Excerpts from a War in Progress by Elad Haber (part 2 of 4)

The oddest smell filled the cramped car. Among all the cigarettes and fart smells, something incredibly distinctive woke up the car. Conversation was louder, quicker, more injected with humor and therefore followed by waves of laughter. And for the first time since the one brute beside me slapped me, they acknowledged my presence, made some jokes at my expense (mostly about my mother), and then offered me a drag off a strangely-rolled cigarette. I gasped in the heathen’s face. The four of them shook their head as one and laughed some more.
The tension that had built up earlier was now gone, replaced by a calm indifference. As we approached the Castle gates in the bright sun of daylight, the Hitmen grinned but, my heart, feeling pings of dread like splinters in my soul, attempted to sink back to the bottom of my stomach and this massive mountain we had climbed.
No such luck. Everything stayed where it was. The front gate of the Castle, complete with drawbridge, plunging mote, and large gargoyles statues at the top, was open and half-crowded with people. Workers, from the look of their hunched shoulders and vacant expressions; I recognized the type from my years in a ghetto Church in Baltimore. The car rolled over the bridge quickly.
Even to call it a Castle now feels wrong; ‘city-state’ would be more accurate.
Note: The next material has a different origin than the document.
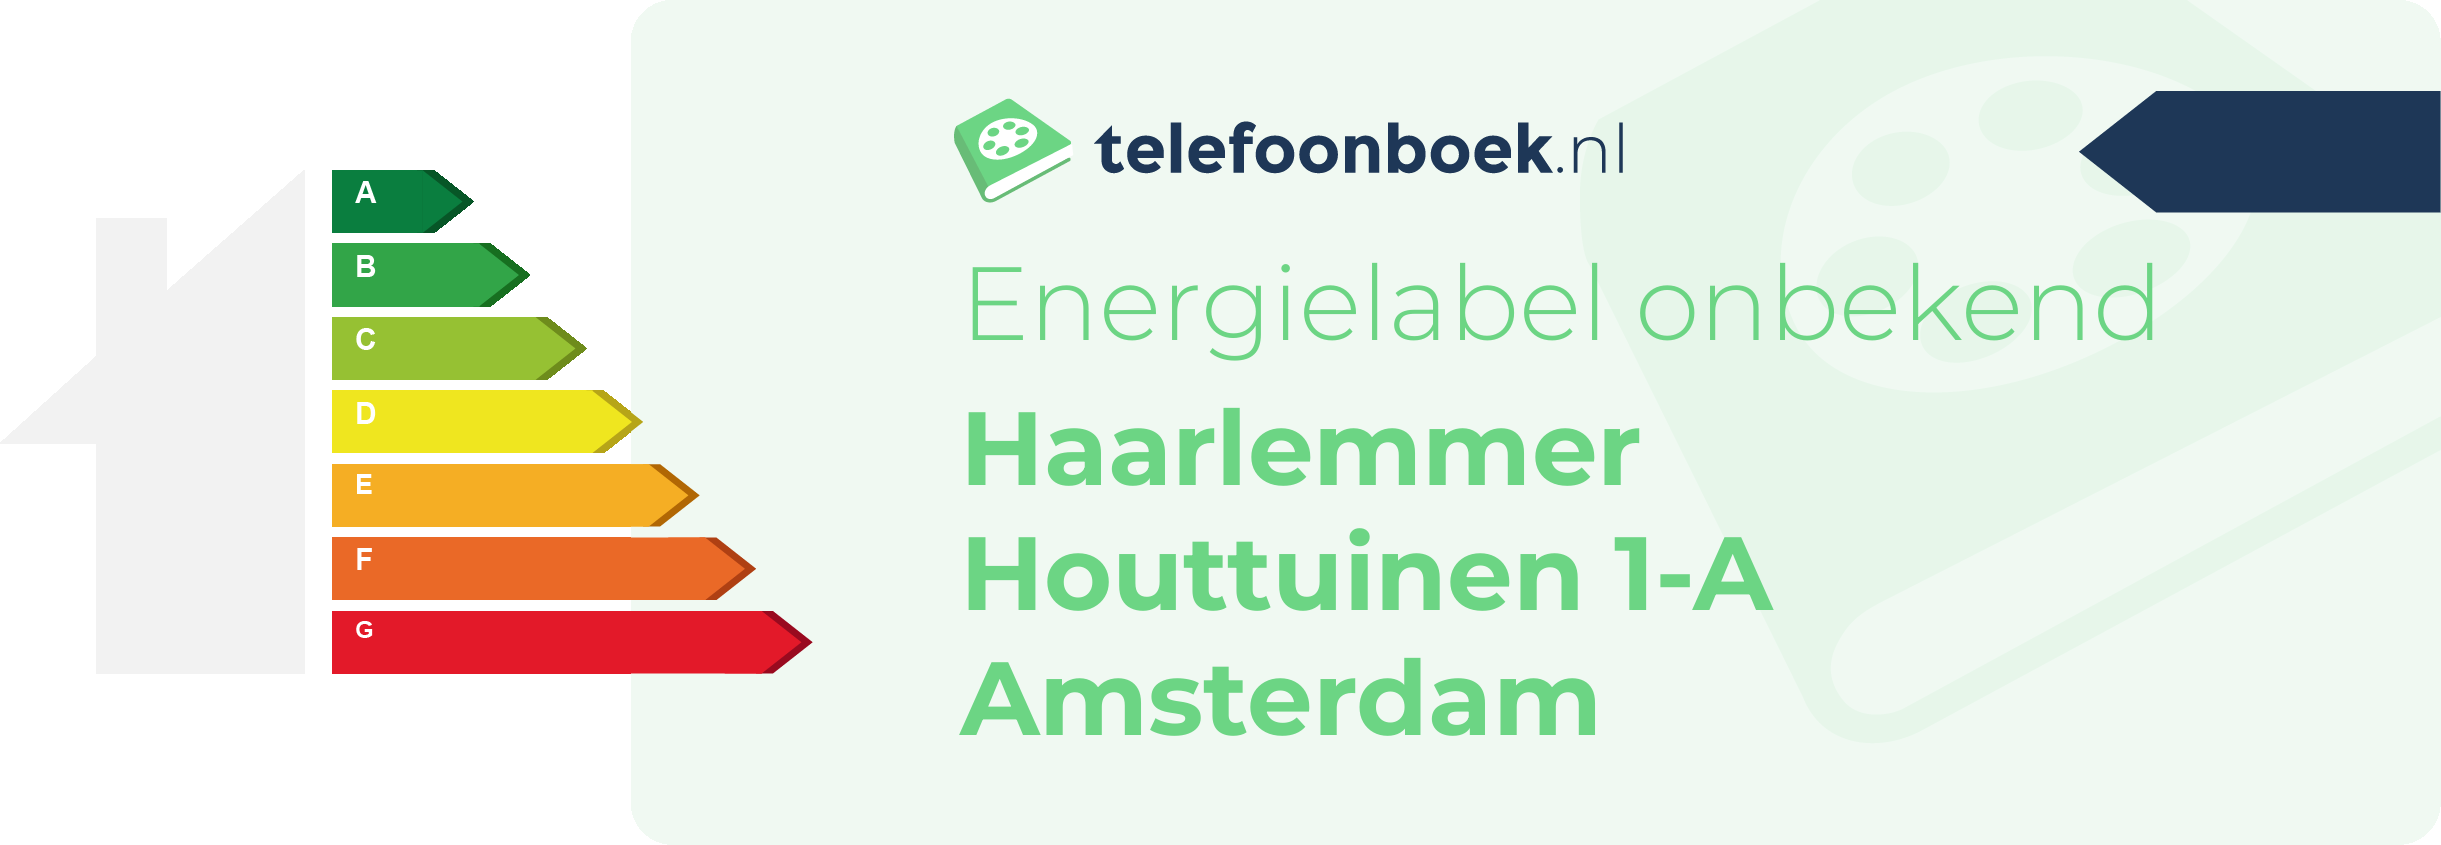 Energielabel Haarlemmer Houttuinen 1-A Amsterdam

On the tight “street” lanes, beneath curved swathes of open air, streets were divided by rows of small shops, one almost on top of the other. On the ‘street’, cars, people, and bicycles somehow moved as one. When one of the passing shoppers saw something of interest, they would take two or three steps to the left or right and step right inside one of the shops. If it was a tiny shop with a crowd waiting to get in, the street itself would not slow down, the customers and waiting-customers would get shoved into adjoining shops, where they would wait, “pretend” to shop, and finally enter the store they want. I’m sure much merchandise was lost each year due to accidental breakage.
Occasionally, a skateboarder would slice about through the street full of single-lane movement and disrupt the whole flow of traffic. A lot of shouting and cursing (and sometimes violence) would follow. As you can imagine, the intense traffic of people cars, and wheeled-forms of transportation was slow-going. The Hitmen rolled and smoked another joint while I tried to make sense of this crazy juxtaposition of realities being played out before me. I felt like I was in an Indiana Jones film, that scene in one of the movies where he’s being chased through a bazaar by black-cloaked assassins. Except my assassins hadn’t made their appearance yet; they were hiding just around the corner.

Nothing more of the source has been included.